In other words, I wouldn't trust bolov's numbers to have any relation to timings for properly written test cases.
It is important to note that for any K between 1 and 500,000, the same test that bolov says their code measures, the above code does at most two divisibility tests to find if K is divisible by an integer between 100,000 and 150,000.
This solution is therefore quite efficient. It is definitely acceptable and near-optimal, when the tested K are relatively small (say, 32 bit unsigned integers or smaller), or when precomputed tables cannot be used.
Even when precomputed tables can be used, it is unclear if/when prime factorization becomes faster than the direct checks. There is certainly a tradeoff in the size and content of the precomputed tables. bolov claims that it is clearly superior to other methods, but hasn't implemented a proper "naive" divisibility test as shown above, and bases their opinion on experiments on quite small integers (1 to 500,000) that have simple prime decompositions.
As an example, a table of integers 1 to 500,000 pre-checked for divisibility takes only 62500 bytes (43750 bytes for 150,000 to 500,000). With that table, each test takes a small near-constant time (that only depends on memory and cache effects). Extending it to all 32-bit unsigned integers would require 512 GiB (536,870,912 bytes); the table can be stored in a memory-mapped read-only file, to let the OS kernel manage how much of it is mapped to RAM at any time.
Prime decomposition itself, especially using trial division, becomes more expensive than the naive approach when the number of trial divisions exceeds the range of possible divisors (50,000 divisors in this particular case). As there are 13848 primes (if one counts 1 and 2 as primes) between 1 and 150,000, the number of trial divisions can easily approach the number of divisors for sufficiently large input values.
For numbers with many prime factors, the combinatoric phase, finding if any subset of the prime factors multiply to a number between 100,000 and 150,000 is even more problematic. The number of possible combinations grows faster than exponentially. Without careful checks, this phase alone can do way more work per large input number than just trial division with each possible divisor would be.
(As an example, if you have 16 different prime factors, you already have 65,535 different combinations; more than the number of direct trial divisions. However, all such numbers are larger than 64-bit; the smallest being 2·3·5·7·11·13·17·19·23·29·31·37·41·43·47·53 = 32,589,158,477,190,044,730 which is a 65-bit number.)
There is also the problem of code complexity. The more complex the code, the harder it is to debug and maintain.
Ok, so I've implemented the version with sieve primes and factorization mentioned in the comments by m69 and it is ... way faster than the naive approach.

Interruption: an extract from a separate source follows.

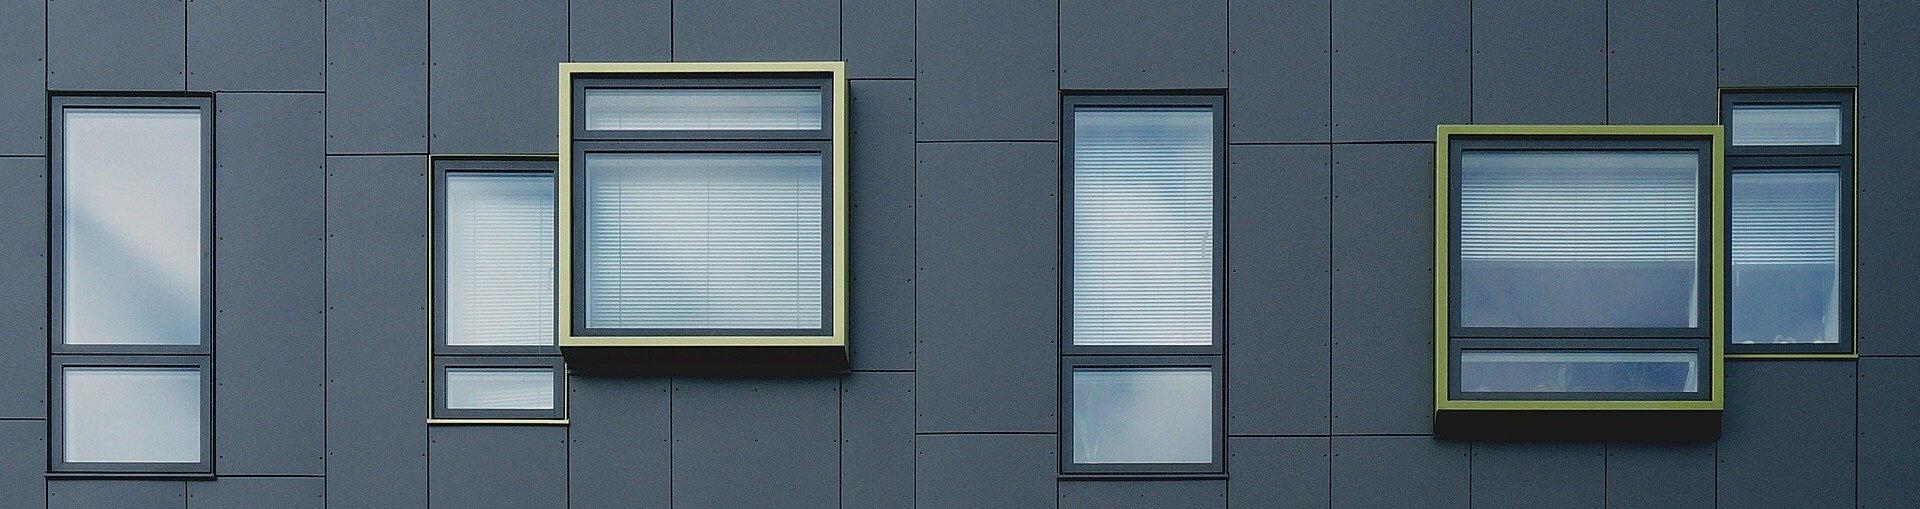 Fassade Aufhuebschen Tipps Tricks
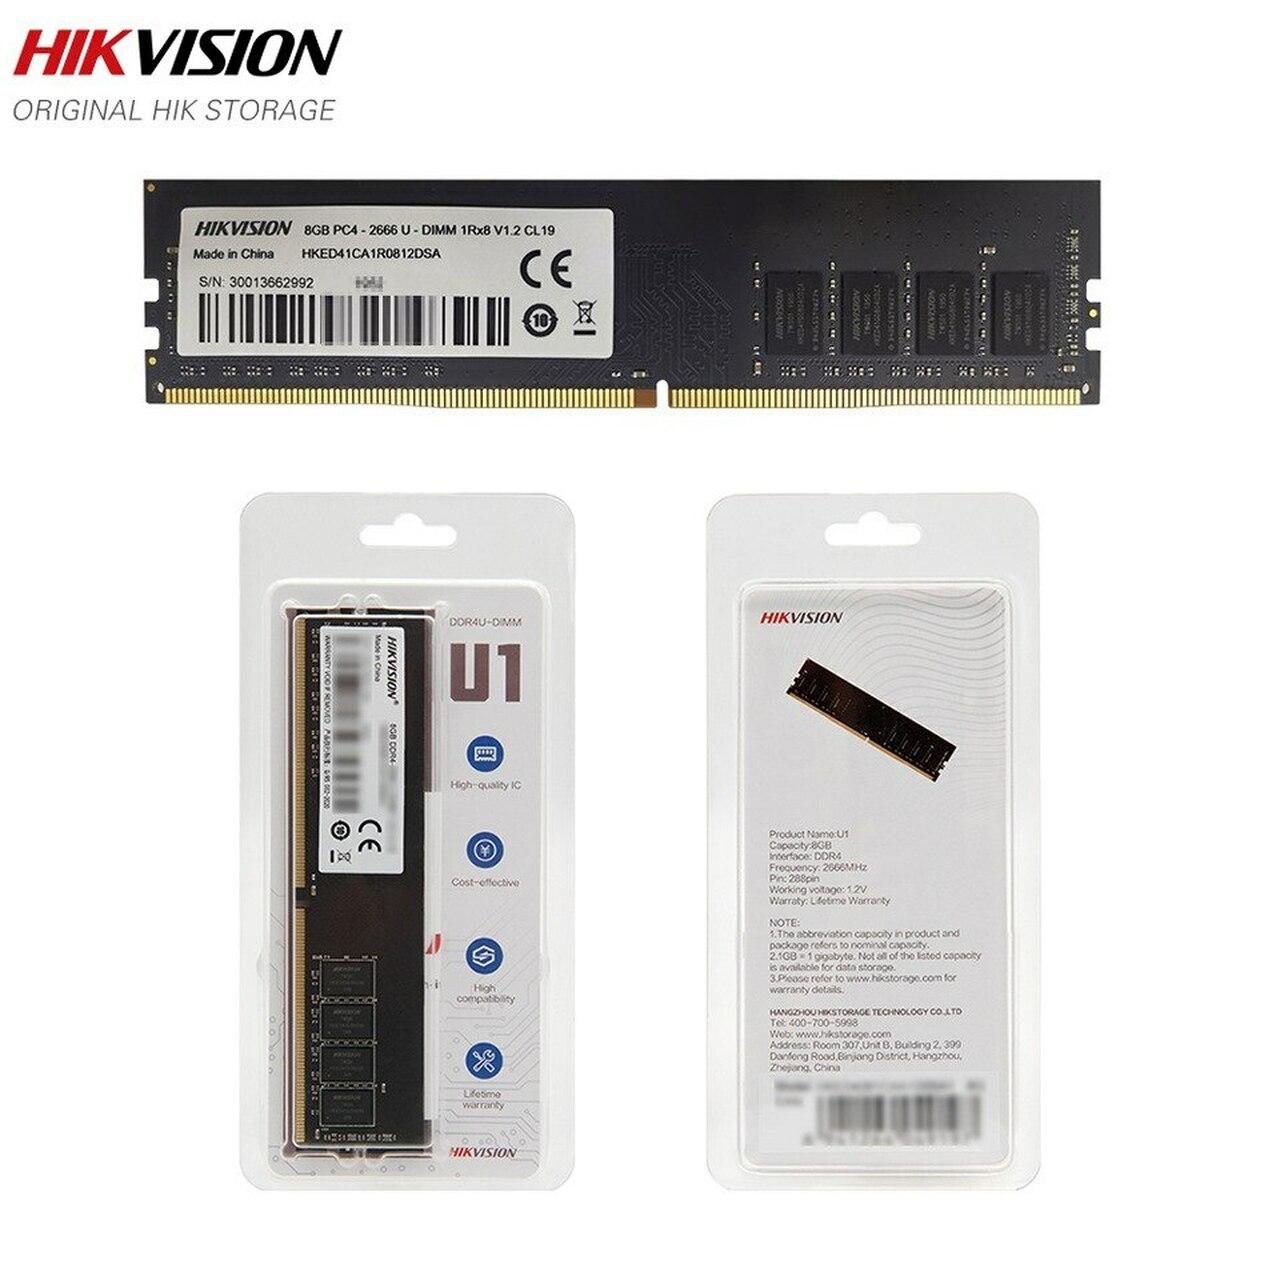 HIKVISION RAM 8GB/16GB DDR4 2666MHz - For Desktop | AYOUB COMPUTERS |  LEBANON

I must admit, I didn't expect this at all.
My notations: left == 100'000 and right = 150'000
naive your version
naive_with_checks your version with simple checks:
if (n < left) no divisor
else if (n <= right) divisor
else if (left * 2 >= right && n < left * 2) divisor
factorization (above checks implemented)
Precompute the Sieve of Eratosthenes for all primes up to right. This time is not measured
factorize n (only with the primes from the prev step)
generate all subsets (backtracking, depth first: i.e. generate p1^0 * p2^0 * p3^0 first, instead of p1^5 first) with the product < left or until the product is in [left, right] (found divisor).
factorization_opt optimization of the previous algorithm where the subsets are not generated (no vector of subsets is created). I just pass the current product from one backtracking iteration to the next.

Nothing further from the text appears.